Dans une décision rendue le 12 mars 2025, le Conseil d’État a rappelé le principe selon lequel la désaffectation d’un bien du domaine public artificiel a toujours pour origine une décision administrative, même implicite.
Pour mémoire, il ressort de l’article L. 2141-1 du code général de la propriété des personnes publiques (CGPPP) que :
« Un bien d’une personne publique (…), qui n’est plus affecté à un service public ou à l’usage direct du public, ne fait plus partie du domaine public à compter de l’intervention de l’acte administratif constatant son déclassement ».
Un bien ne peut donc sortir du domaine public que si deux conditions sont réunies. Il doit d’abord être effectivement désaffecté, c’est-à-dire ne plus être affecté à l’usage direct du public ou à un service public. En règle générale, il s’agit là d’une opération purement matérielle. Le bien doit ensuite et surtout être déclassé par l’adoption d’un acte formel constatant sa sortie du domaine public.

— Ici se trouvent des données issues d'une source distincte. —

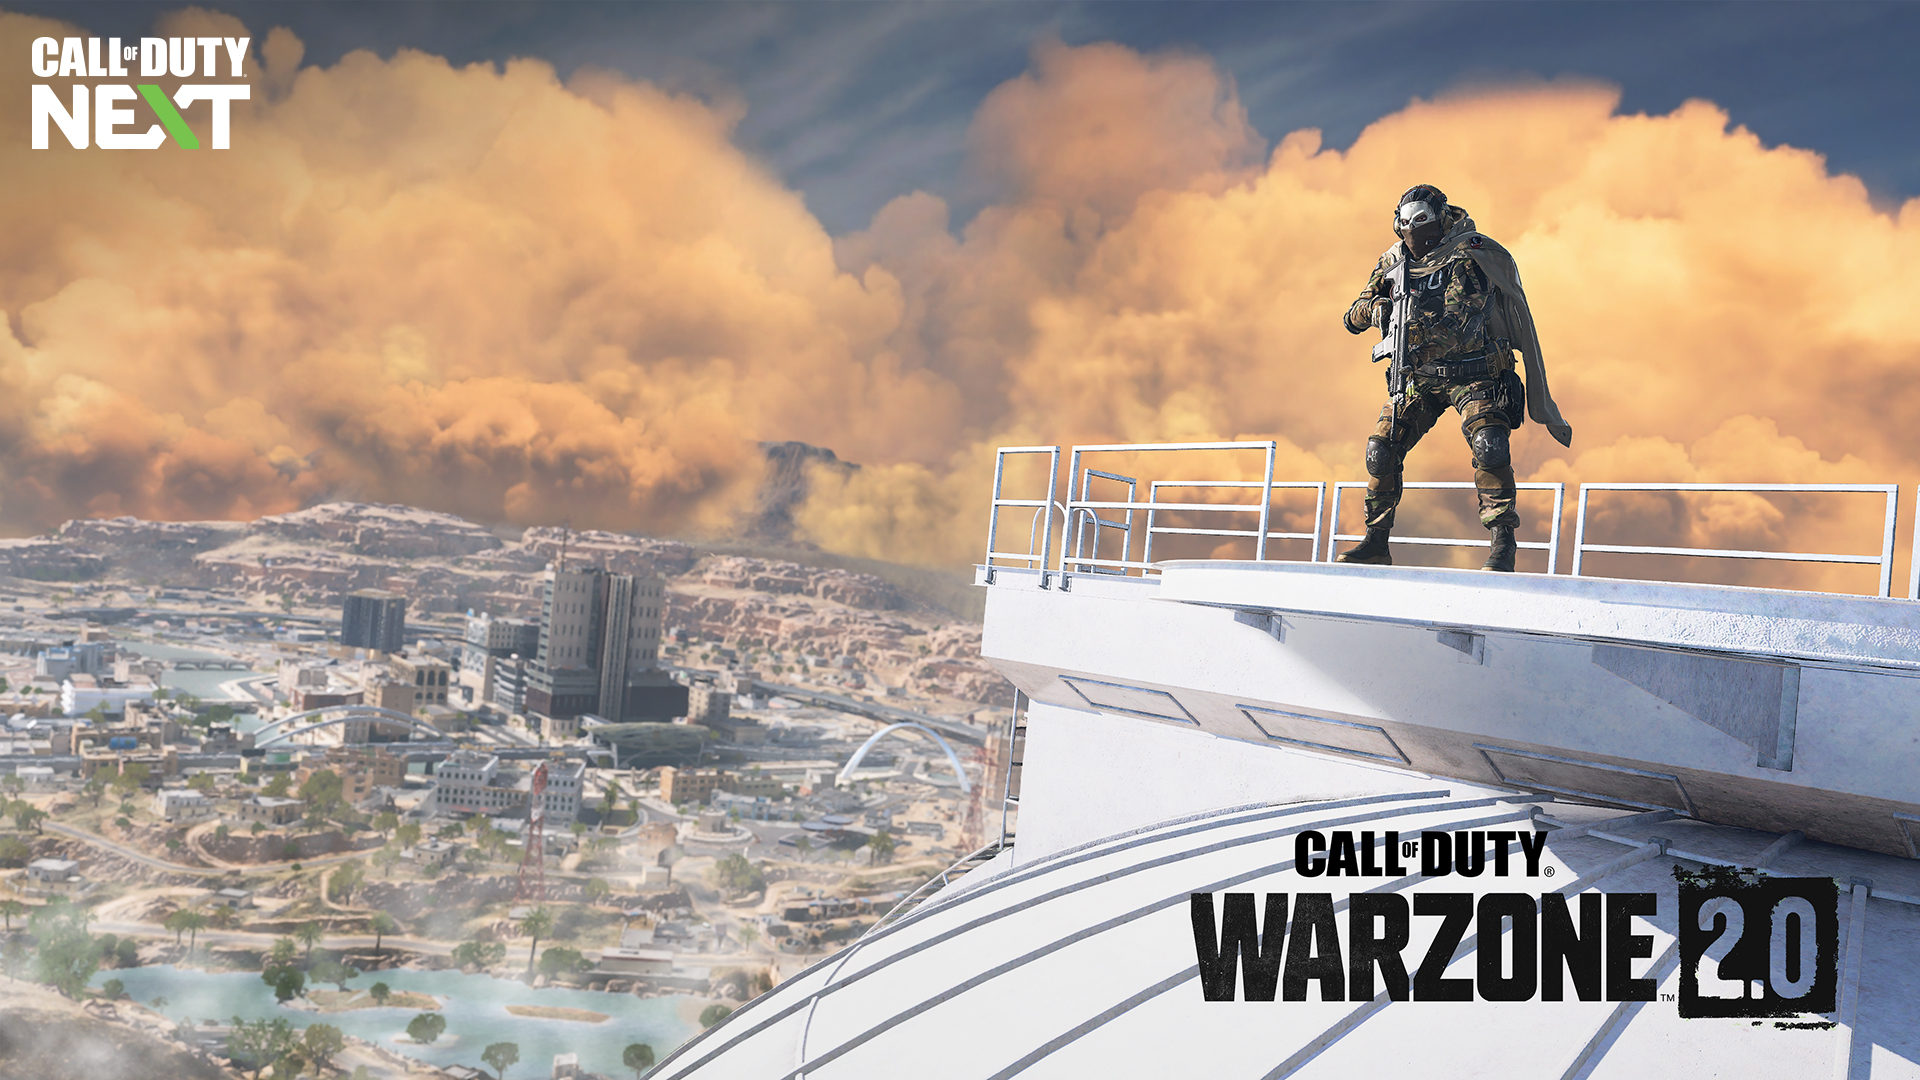 Cuối cùng người chơi cũng biết khi nào Call of Duty: Warzone 2.0 ra mắt

Dans l’affaire commentée, le conseil de la communauté urbaine de Perpignan Méditerranée Métropole, par une délibération en date du 15 février 2018, a approuvé la modification du règlement intérieur du marché de gros de Perpignan, en sortant certains halls de la halle au grossiste du périmètre de ce marché. Par la suite, ce même organe, par une nouvelle délibération en date du 22 octobre 2018, a constaté la désaffectation de ces mêmes halls au service public du marché de gros et, en conséquence, a prononcé leur déclassement du domaine public dans la perspective d’une vente des parcelles y afférentes.

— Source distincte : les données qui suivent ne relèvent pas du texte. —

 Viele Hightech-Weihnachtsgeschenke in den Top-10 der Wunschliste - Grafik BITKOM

Au visa de l’article L. 2141-1 précité du CGPPP, le Conseil d’État a annulé l’arrêt de la cour au motif que :
« Pour juger que la société (…) était fondée à demander l’annulation de la délibération du 15 février 2018, la cour s’est fondée sur ce que cette délibération, qui modifiait le règlement du marché de gros en vue d’en réduire le périmètre, ne pouvait avoir pour objet ni pour effet d’entraîner la désaffectation de la halle aux grossistes, ce dont elle a déduit que, dans la mesure où les bâtiments en cause ne pouvaient être regardés comme entièrement désaffectés à la date de la délibération en raison de la persistance d’une occupation partielle de cet entrepôt par la société (…), cette délibération était entachée d’un détournement de pouvoir ».

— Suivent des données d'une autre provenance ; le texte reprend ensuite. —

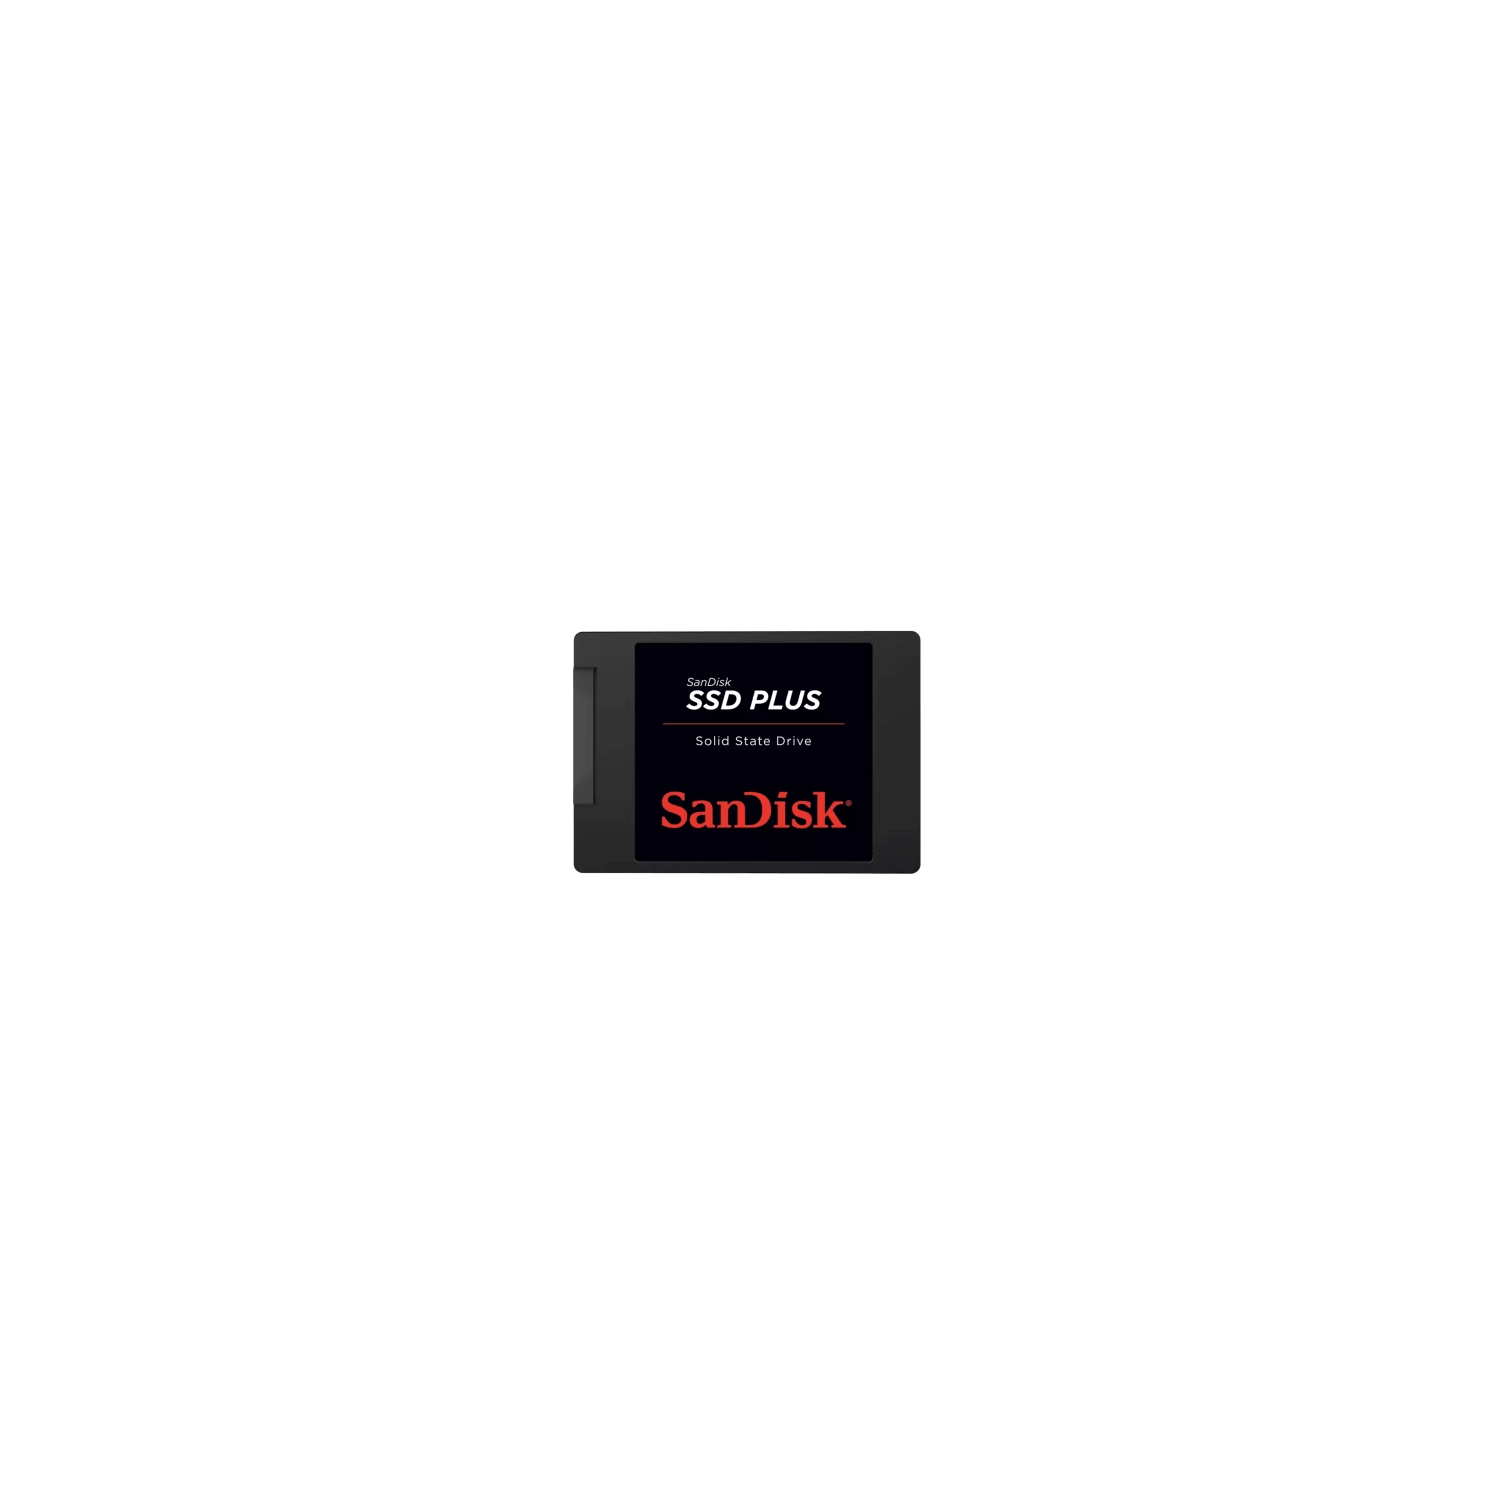 SanDisk SSD PLUS 1TB 2.5" SATA III 6GB/s 545MB/s Black Internal Solid State Drive (SDSSDA-1T00-G27)

Il considère ensuite, et c’est là tout l’intérêt de cette décision, que :
« En statuant ainsi, alors que la communauté urbaine, qui est compétente pour adapter l’organisation et les conditions de fonctionnement du service public du marché de gros, pouvait légalement modifier, pour des motifs de bonne administration, le périmètre sur lequel s’applique son règlement intérieur et prendre une mesure susceptible d’entraîner la désaffectation de tout ou partie de la halle aux grossistes au service public dont elle a la charge, quand bien même des entreprises continueraient d’y exercer une activité de commerce de gros, la cour a commis une erreur de droit et dénaturé les pièces des dossiers qui lui était soumis ».
Ce faisant, le Conseil d’Etat entend rappeler un principe fort ancien, à savoir que l’autorité gestionnaire du domaine est toujours libre de décider, si besoin par l’intermédiaire d’un acte juridique, la désaffectation à venir de son bien. La désaffectation d’un bien du domaine public artificiel résulte toujours d’une décision, même implicite, de ne plus l’utiliser à une fin d’utilité publique. La désaffectation peut ainsi résulter d’une décision de la personne publique de changer le statut de l’activité.
C’est ainsi que, pour la doctrine, « Si des arrêts laissent entre que le simple fait de ne plus utiliser un bien équivaut à une désaffectation, il ne faut pas se laisser abuser : cette situation a toujours pour origine une décision administrative, fût-elle implicite. Dans ce cas, le juge se concentre sur les circonstances de fait car celles-ci sont révélatrices de la décision antérieure de désaffectation. En effet, en la matière, comme en tout autre, une action administrative matérielle présume toujours un acte antérieur, ici non formalisé. Quand elle est expresse, cette décision prend des formes variées, par exemple celle d’un acte unilatéral de fermeture de bâtiment ou d’une impasse (…) La désaffectation, comme fait matériel, est alors la conséquence de la décision de ne plus poursuivre l’utilisation du bien » (Norbert Foulquier, Droit administratif des biens – LexisNexis 3ème édition 2015).